**Task description**
Go through the listing below and repeat it exactly, omitting each picture.

**Input data**

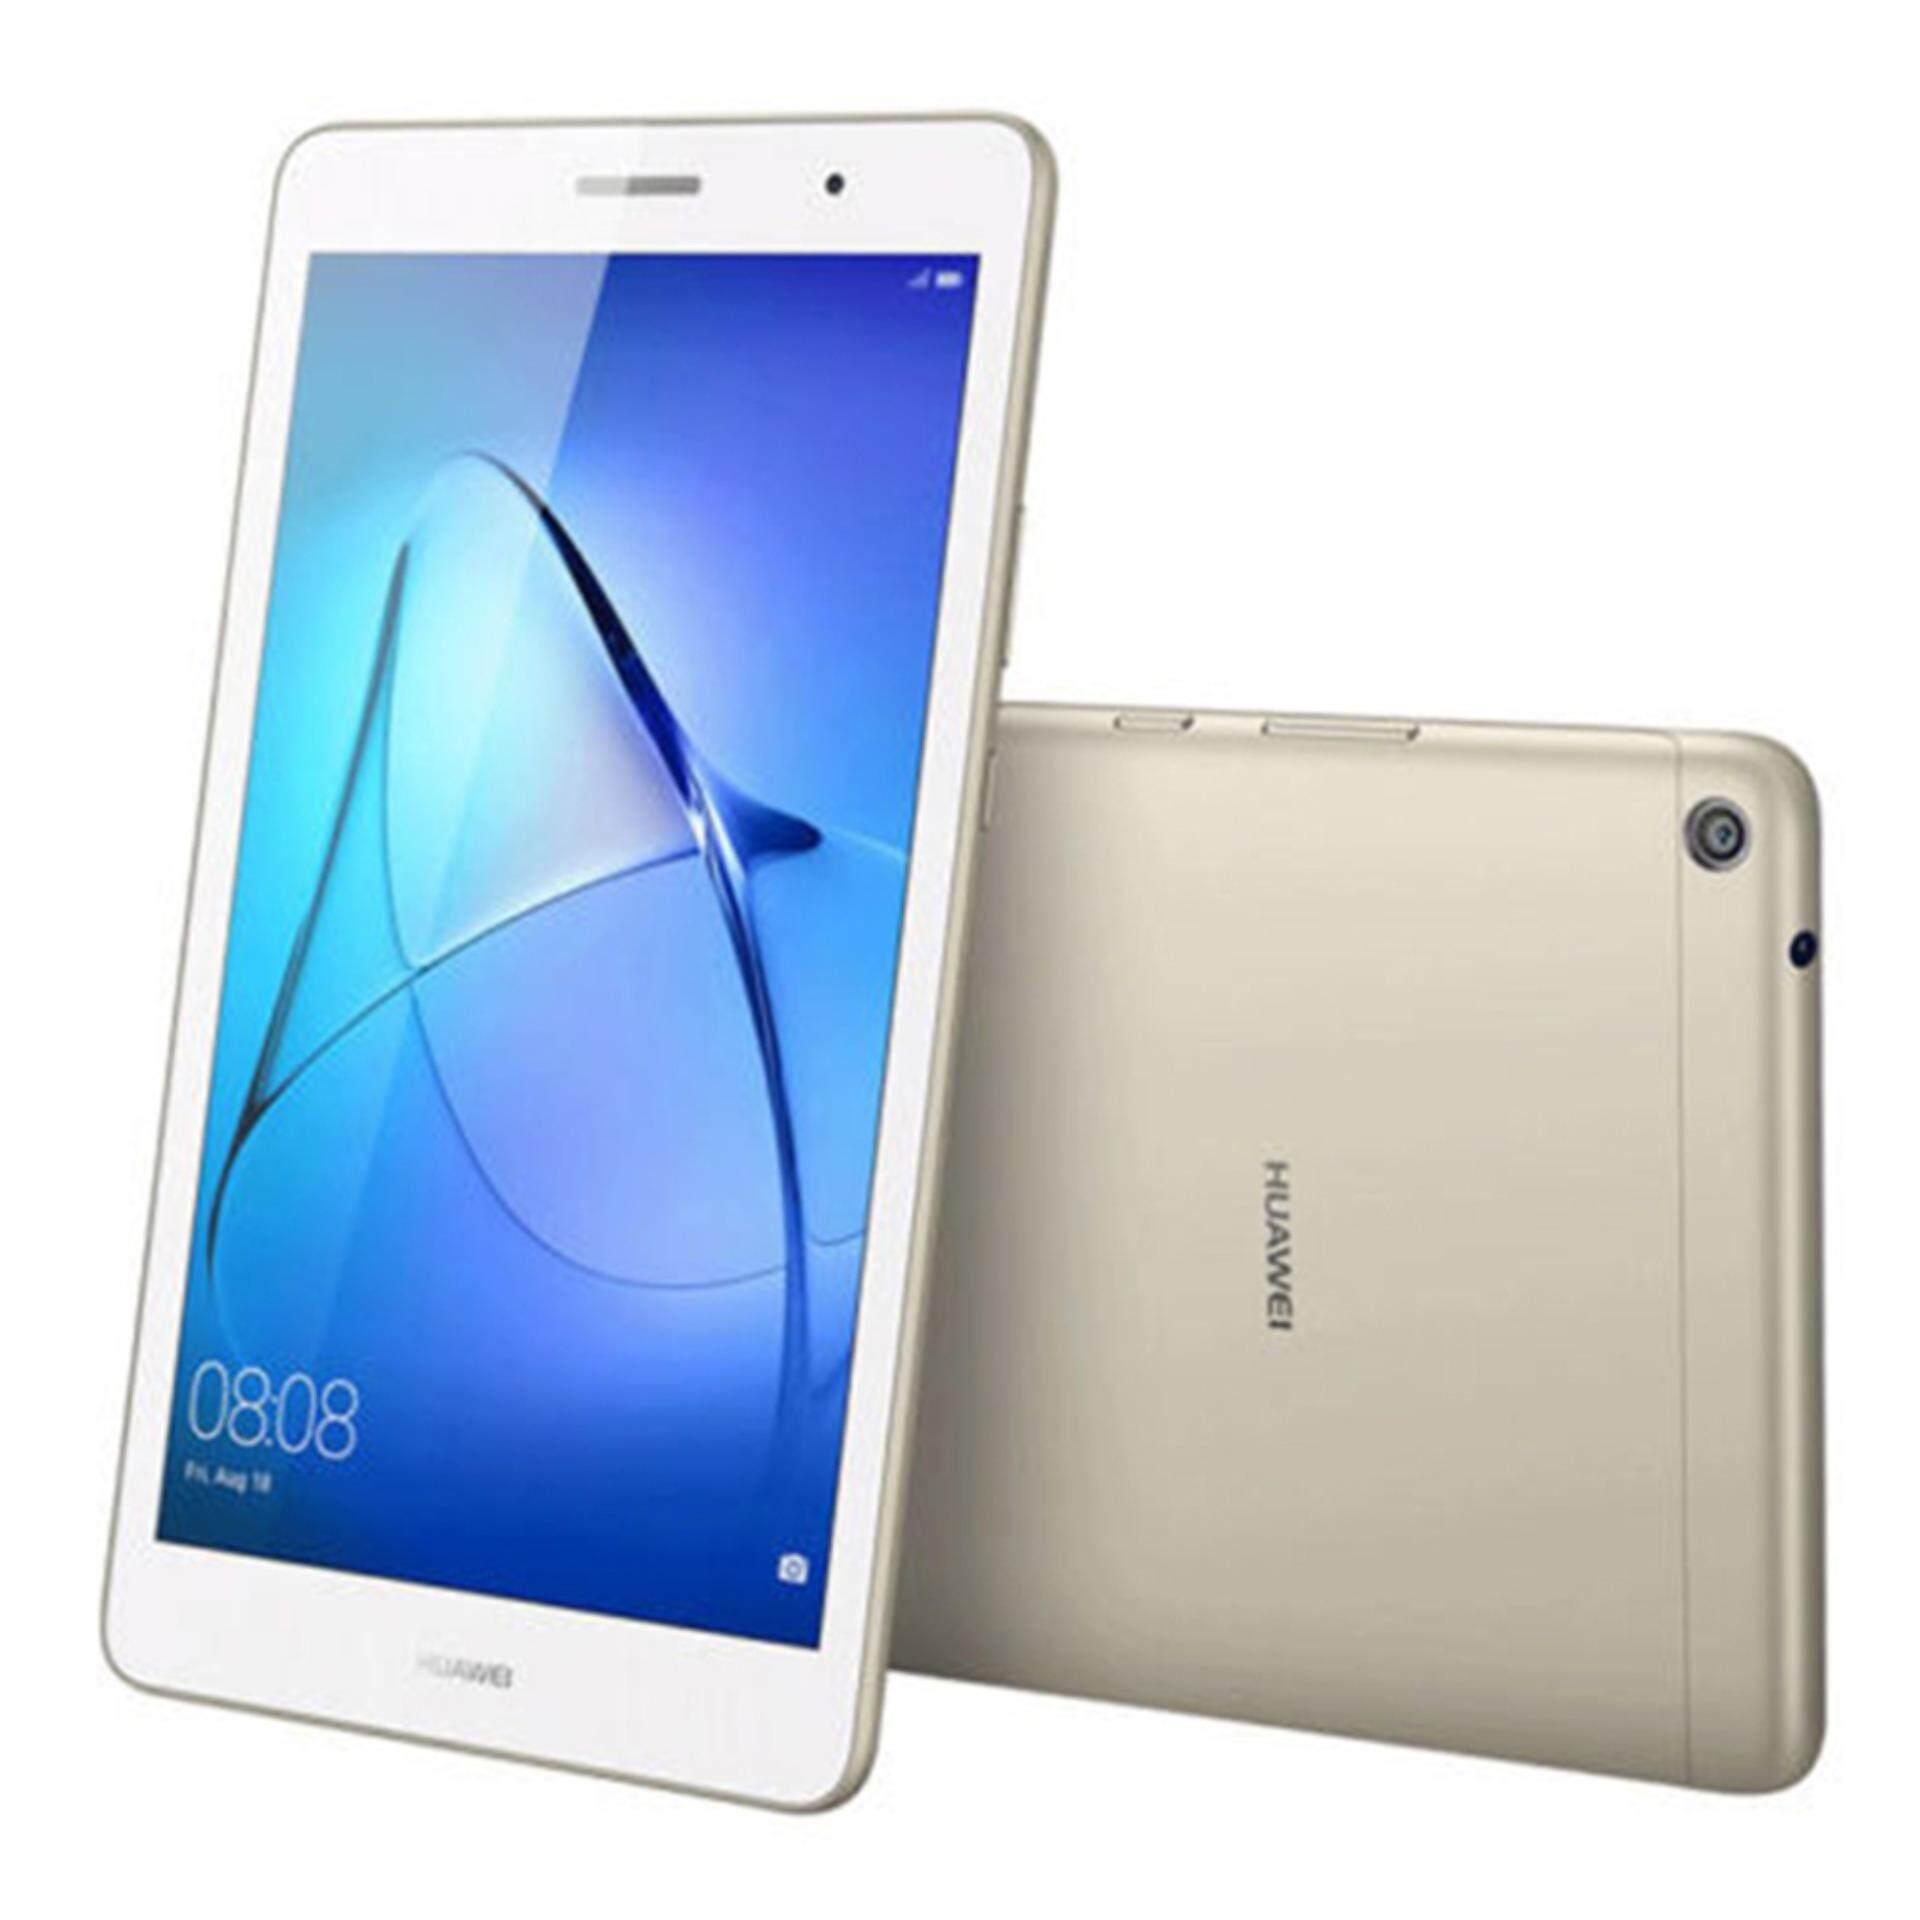 HUAWEI Honor T3 KOB-L09 Quad-Core 8.0inch HD Wifi+LTE 3G+32G 5MP+2MP Camera
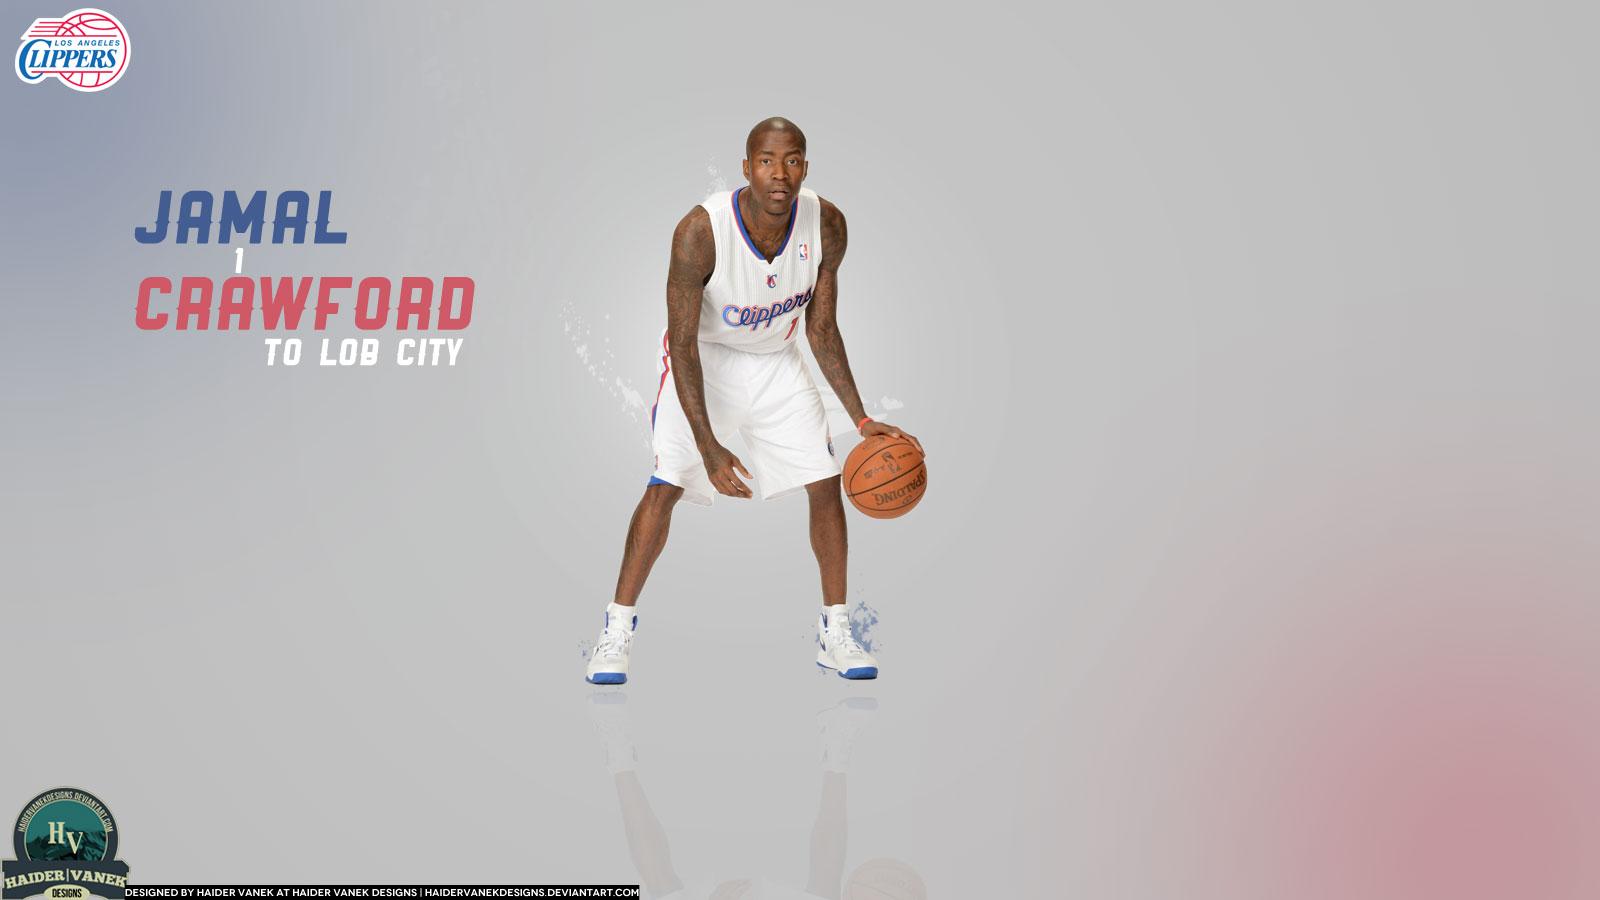 a70ffd93a Jamal Crawford LA Clippers 2012 1600x900 Wallpaper
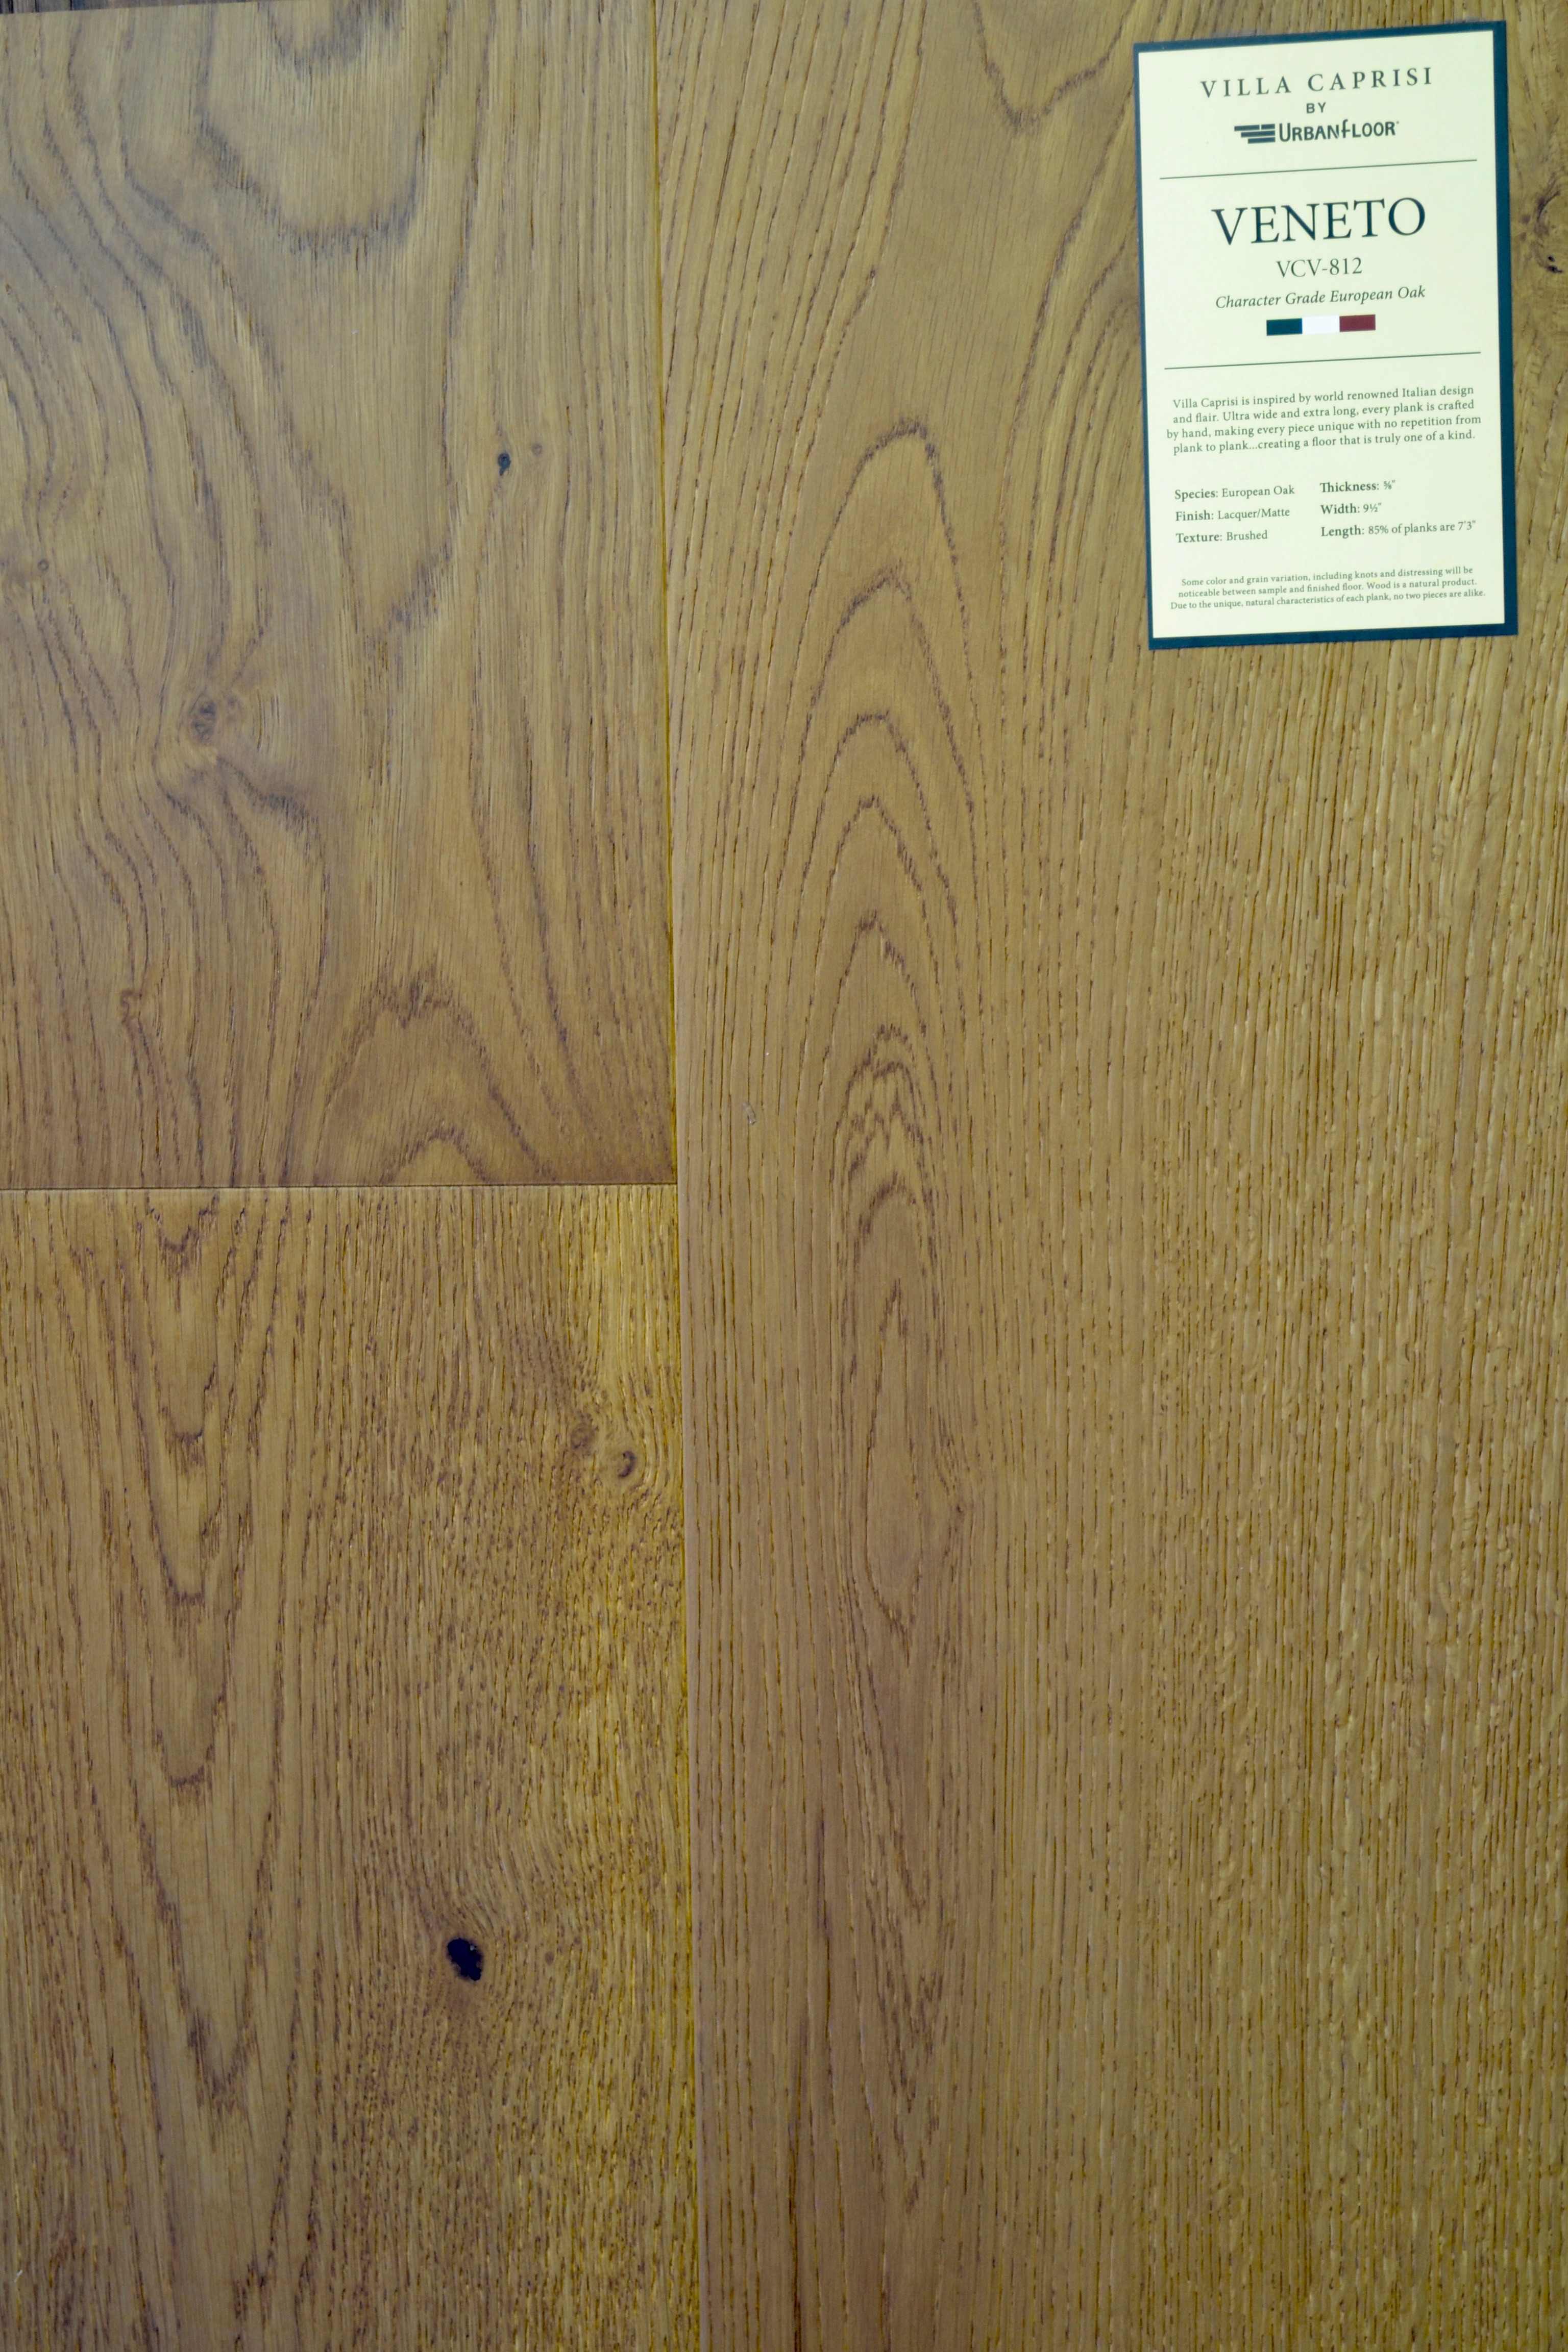 5 inch wide hardwood flooring of villa caprisi fine european hardwood millennium hardwood within european style inspired designer oak floor veneto by villa caprisi

**Your solution**
 HUAWEI Honor T3 KOB-L09 Quad-Core 8.0inch HD Wifi+LTE 3G+32G 5MP+2MP Camera
 a70ffd93a Jamal Crawford LA Clippers 2012 1600x900 Wallpaper
 5 inch wide hardwood flooring of villa caprisi fine european hardwood millennium hardwood within european style inspired designer oak floor veneto by villa caprisi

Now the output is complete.